WHAT IS BEING ASKED:
Repeat only the lines below that run from the line with "Suffering is the" to the line with "New parents reading", ends included; skip every picture.

SOURCE MATERIAL:
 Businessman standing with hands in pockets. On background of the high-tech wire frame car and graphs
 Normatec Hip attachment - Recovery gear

---

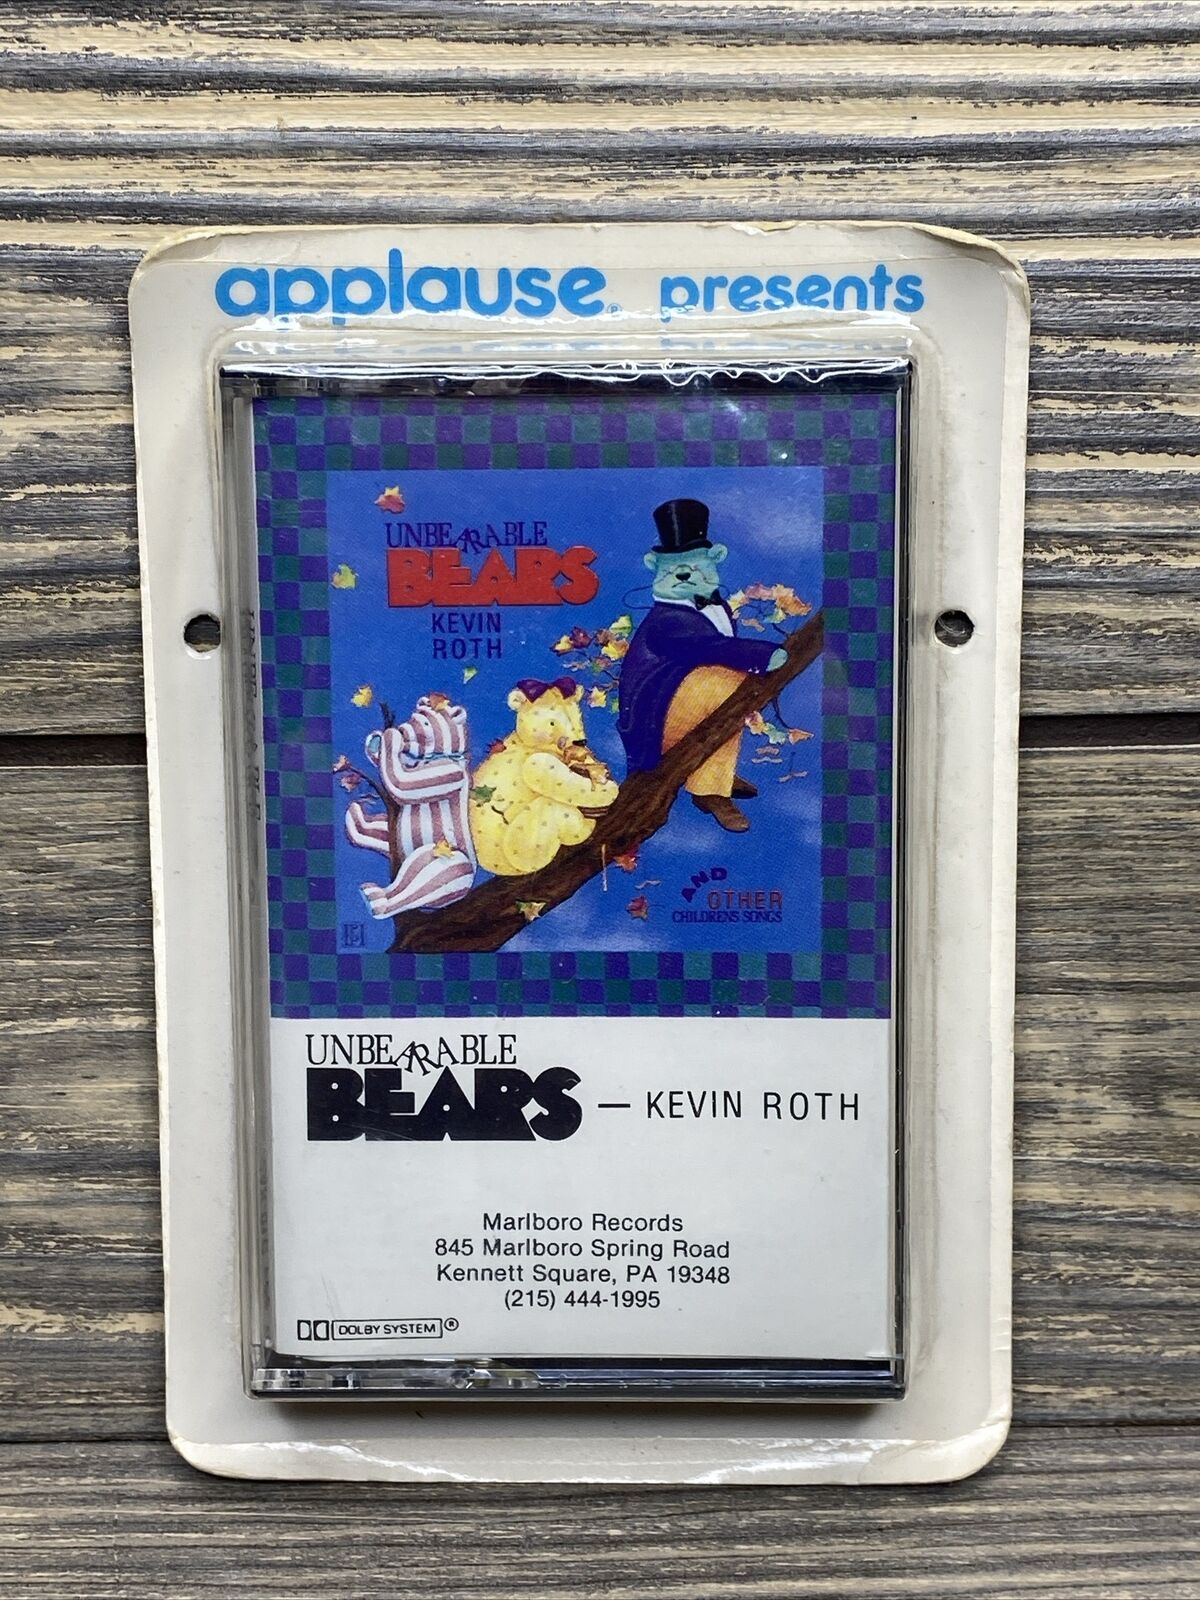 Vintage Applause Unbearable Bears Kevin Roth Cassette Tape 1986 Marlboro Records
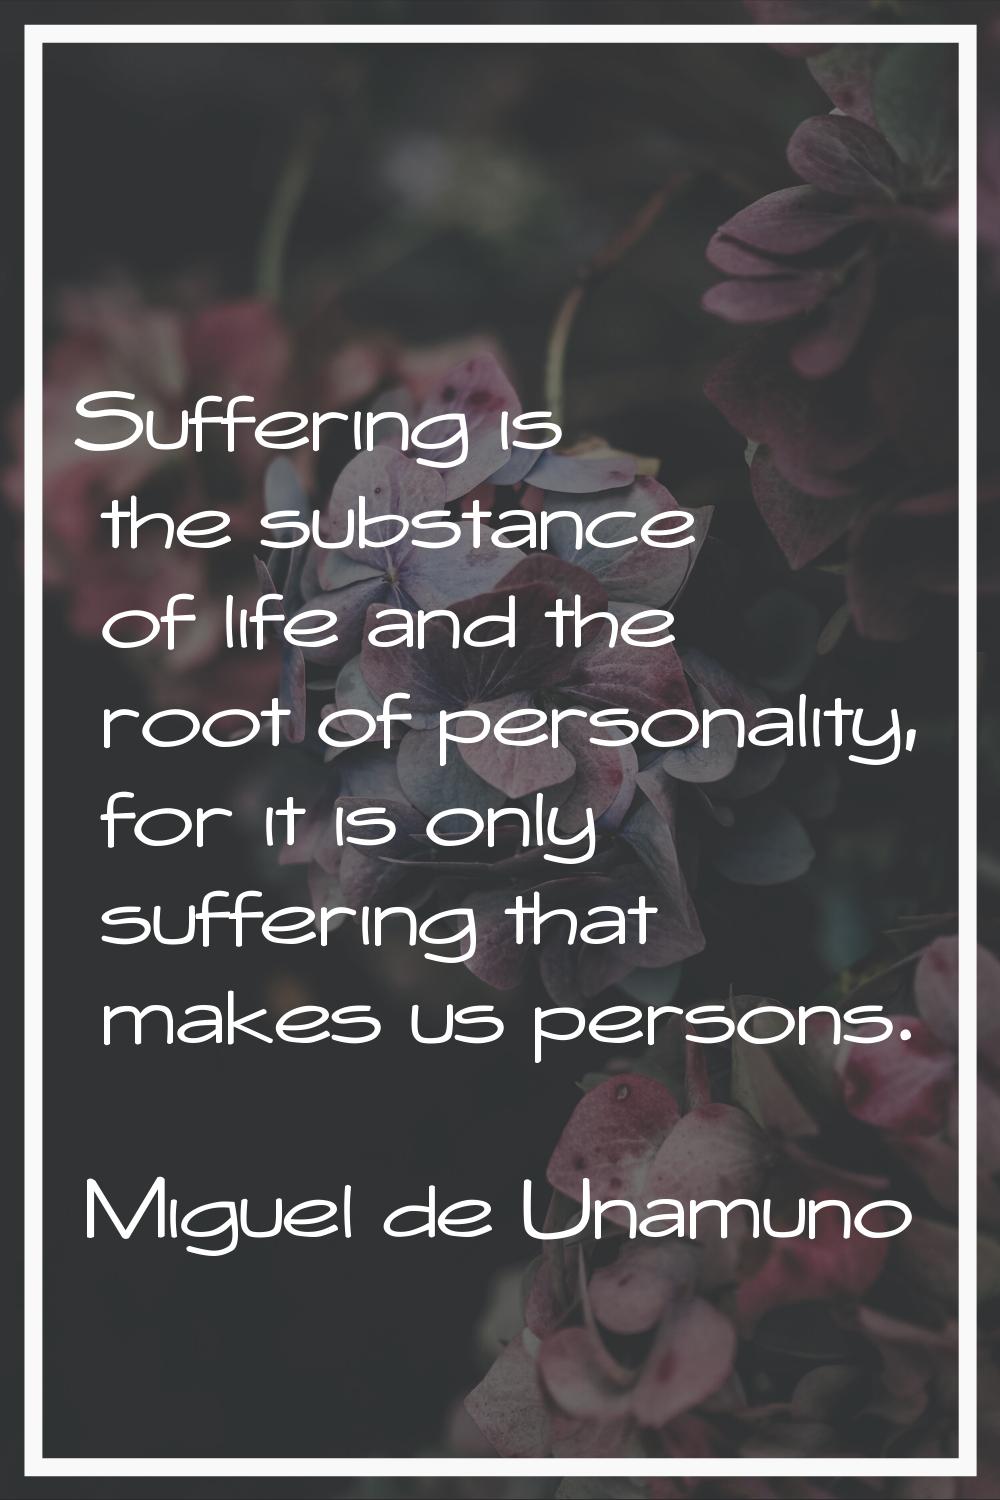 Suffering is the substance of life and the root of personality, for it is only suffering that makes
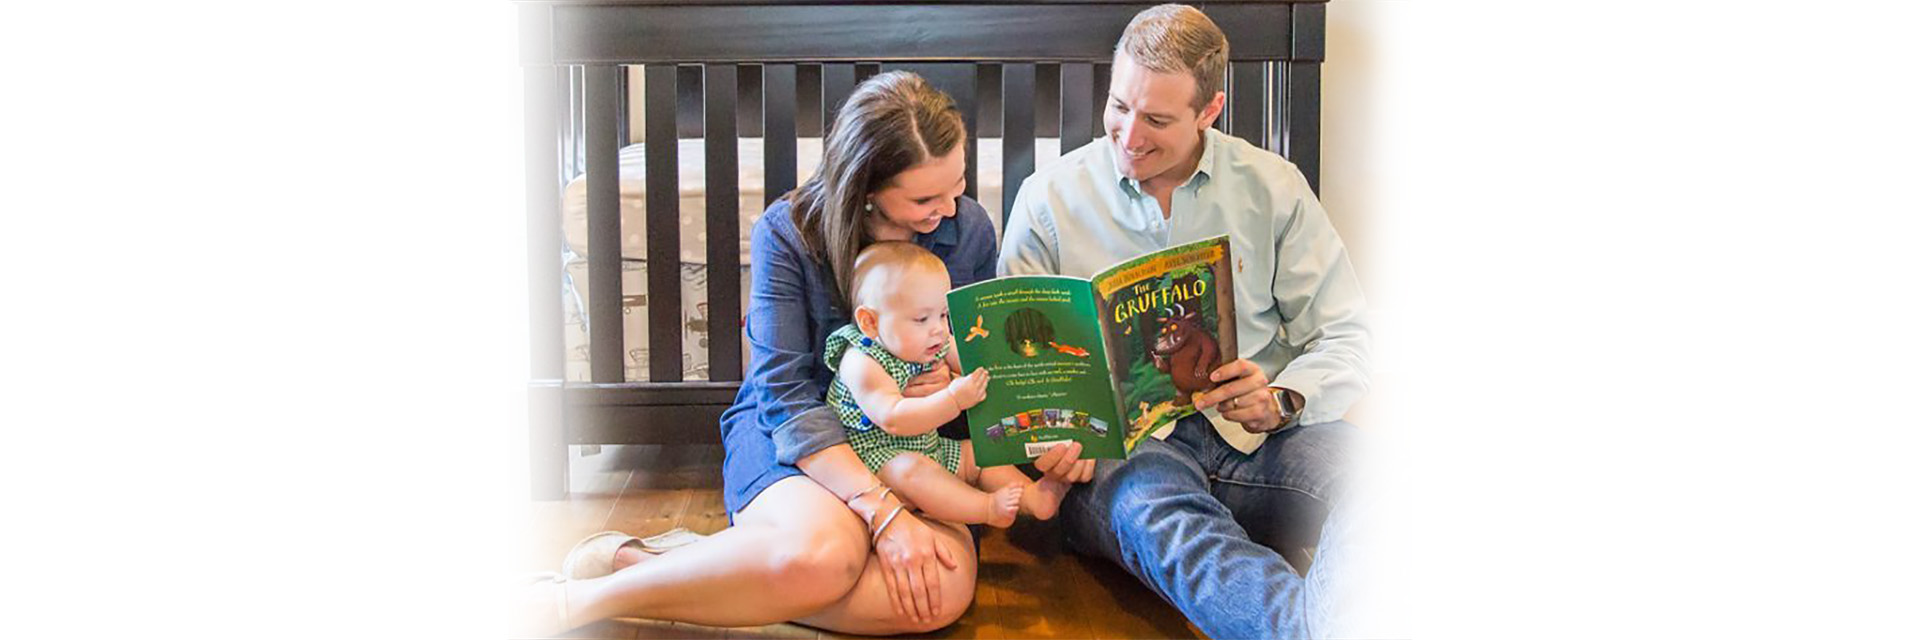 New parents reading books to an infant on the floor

WRITTEN REPLY:
 Suffering is the substance of life and the root of personality, for it is only suffering that makes
 New parents reading books to an infant on the floor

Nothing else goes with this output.